The program also calculates the test value (G2) and probability of a log- likelihood test given the null hypothesis that there are no differences between the sampled and expected genotype frequencies.

Hardy-Weinberg with selfing

With this model you can simulate the situation in which pairing of gametes is not random, because of some inbreeding in the population. You can change the selfing rate (between 0-1), allele frequency of A1 (p) and sample size.
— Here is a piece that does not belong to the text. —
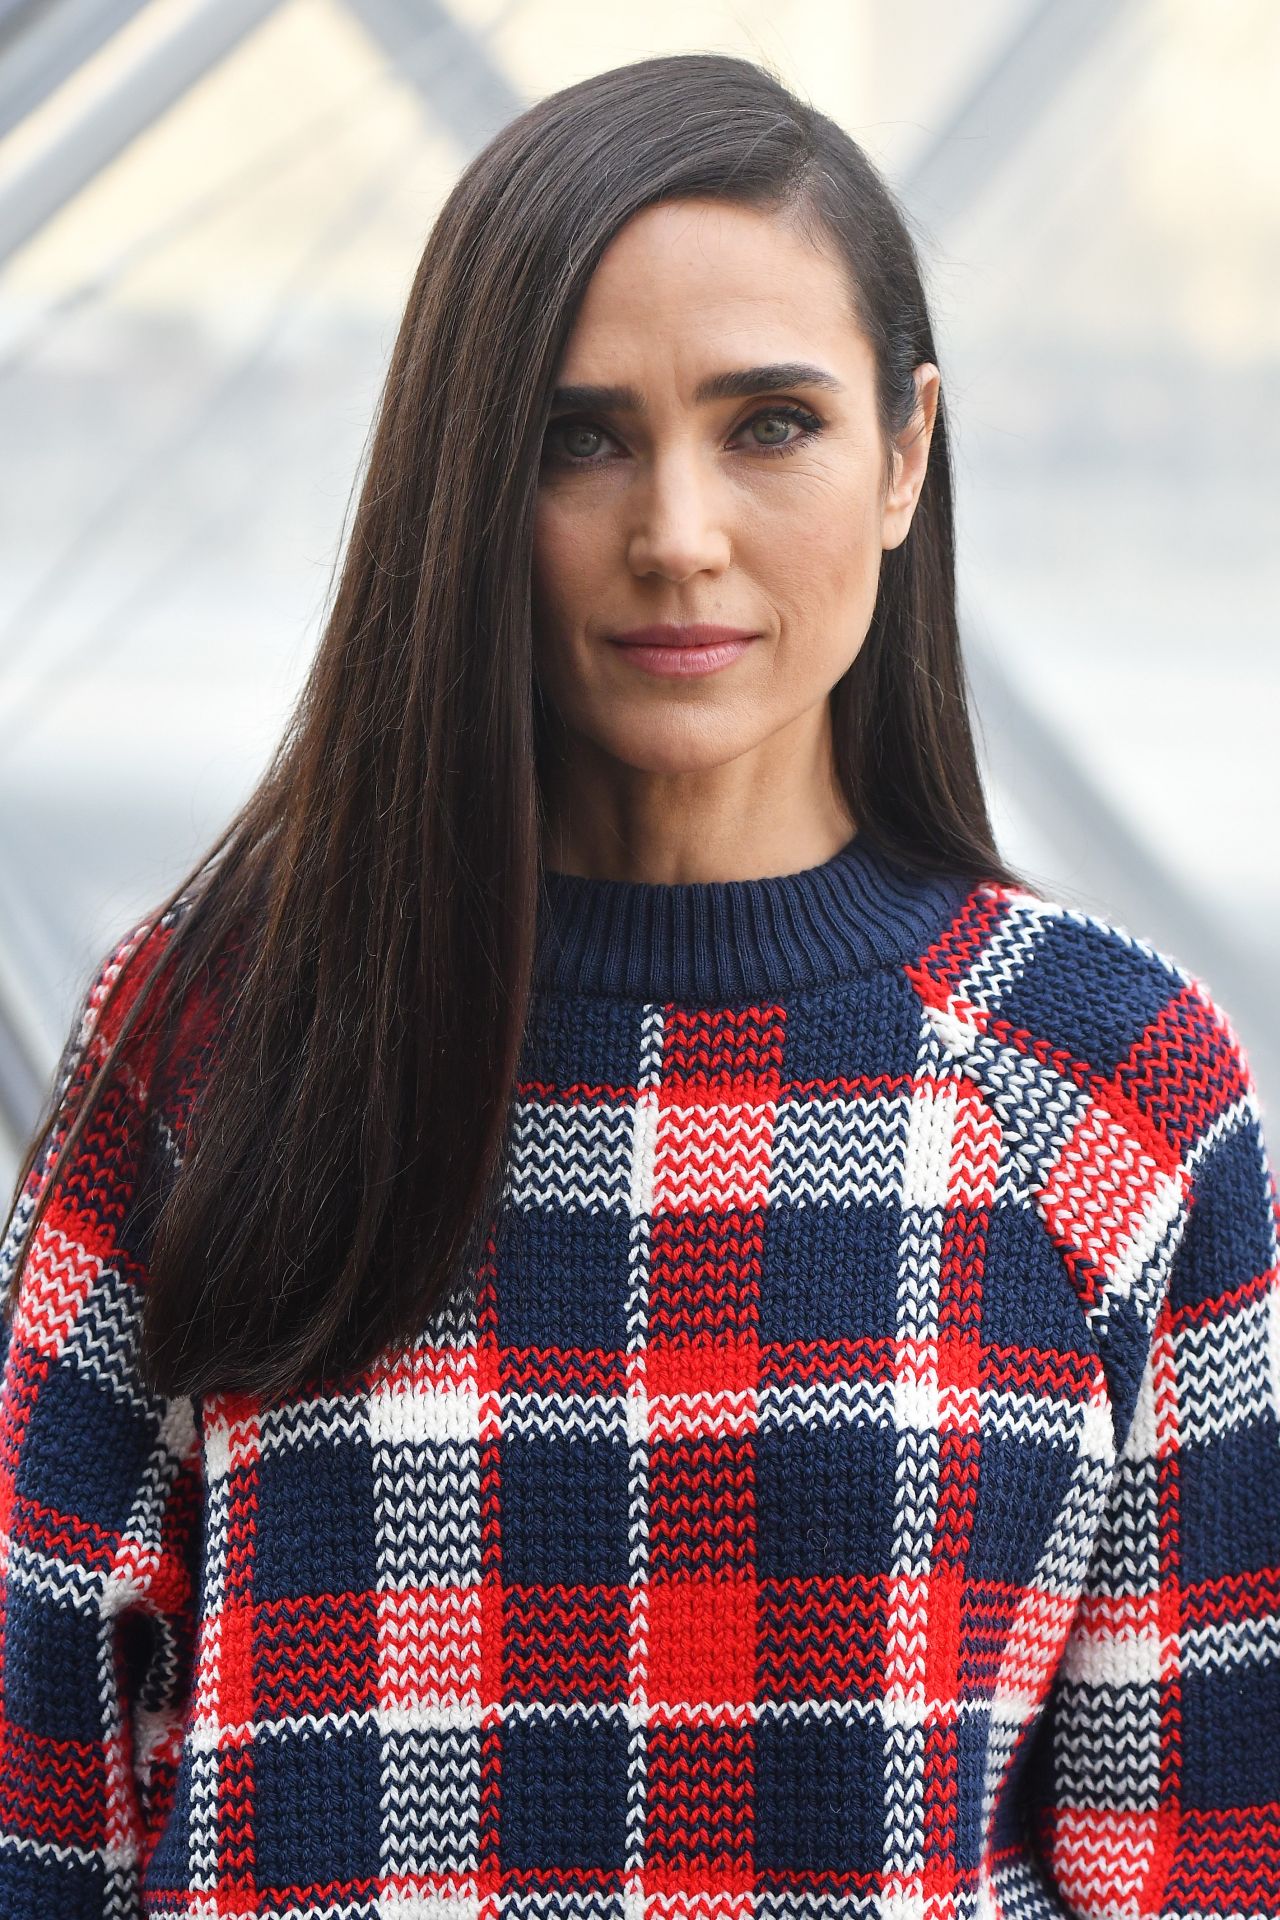 Getting Ready for Louis Vuitton With Jennifer Connelly – WWD

The program draws the expected genotype frequencies in different sexes in the picture box in right upper corner (titled Genotype frequencies). The program writes the number of different genotypes, drawn from the population with the given selfing rate, in the text boxes in the frame titled Number of individuals sampled. They are also drawn in the Genotype frequency picture box as circles. The program writes the sampled and also the a priori (expected if allele frequency of A1 is the given) and expected genotype frequencies in the frame on the bottom left. A priori, expected and sampled allele frequencies are also given. Note that the two latter are always the same. Finally, the program also calculates the test value (G2) and probability of a log-likelihood test given the null hypothesis that there are no differences between the sampled and expected genotype frequencies. Figure 7. The Hardy-Weinberg window while running Hardy-Weinberg with selfing model

Sex differences in allele frequencies

With this model you can simulate the situation in which allele frequencies in different genotypes are different. You can change the allele frequencies of A1 (p) in females and males and sample size.
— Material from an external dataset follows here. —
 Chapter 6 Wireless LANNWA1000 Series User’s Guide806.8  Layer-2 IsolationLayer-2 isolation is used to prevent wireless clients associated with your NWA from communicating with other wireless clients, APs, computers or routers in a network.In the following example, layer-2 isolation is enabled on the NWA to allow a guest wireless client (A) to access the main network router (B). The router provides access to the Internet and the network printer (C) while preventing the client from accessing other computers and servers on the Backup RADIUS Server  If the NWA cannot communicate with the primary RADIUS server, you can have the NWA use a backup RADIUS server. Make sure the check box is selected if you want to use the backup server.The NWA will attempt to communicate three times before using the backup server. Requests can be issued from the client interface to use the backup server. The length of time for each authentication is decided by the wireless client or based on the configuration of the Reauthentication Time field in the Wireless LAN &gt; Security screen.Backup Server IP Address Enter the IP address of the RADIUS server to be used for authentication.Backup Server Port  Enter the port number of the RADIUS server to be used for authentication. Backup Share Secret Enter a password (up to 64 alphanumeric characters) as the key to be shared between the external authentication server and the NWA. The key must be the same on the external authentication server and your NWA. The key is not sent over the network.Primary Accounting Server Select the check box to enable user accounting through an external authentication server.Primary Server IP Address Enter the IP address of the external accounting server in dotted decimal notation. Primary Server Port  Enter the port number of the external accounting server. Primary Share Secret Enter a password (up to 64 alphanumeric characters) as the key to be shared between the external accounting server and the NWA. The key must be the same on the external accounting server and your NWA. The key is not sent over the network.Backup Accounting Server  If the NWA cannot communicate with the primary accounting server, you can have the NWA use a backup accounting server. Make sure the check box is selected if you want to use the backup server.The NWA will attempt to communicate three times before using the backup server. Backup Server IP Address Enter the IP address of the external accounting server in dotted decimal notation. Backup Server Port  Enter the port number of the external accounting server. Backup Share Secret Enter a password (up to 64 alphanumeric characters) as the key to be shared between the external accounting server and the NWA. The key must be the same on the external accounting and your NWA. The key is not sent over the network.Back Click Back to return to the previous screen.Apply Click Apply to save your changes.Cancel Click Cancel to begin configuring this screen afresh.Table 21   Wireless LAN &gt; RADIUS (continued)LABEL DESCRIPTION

The program draws the expected genotype frequencies in different sexes in the picture box in right upper corner (titled Genotype frequencies). The program writes the number of different genotypes drawn from the population in the text boxes in the frame titled Number of individuals sampled. They are also drawn in the Genotype frequency picture box as circles. The program writes the sampled and also the a priori (expected if allele frequency of A1 is the given) and expected genotype frequencies in the frame on the bottom left. A priori, expected and sampled allele frequencies are also given. Note that the two latter are always the same. Finally, the program calculates the test value (G2) and probability of a log-likelihood test given the null hypothesis that there are no differences between the sampled and expected genotype frequencies.

Figure 8. The Hardy-Weinberg window while running Sex differences in allele

frequencies model

Acknowledgement: We thank David Clancy for his comments on this program.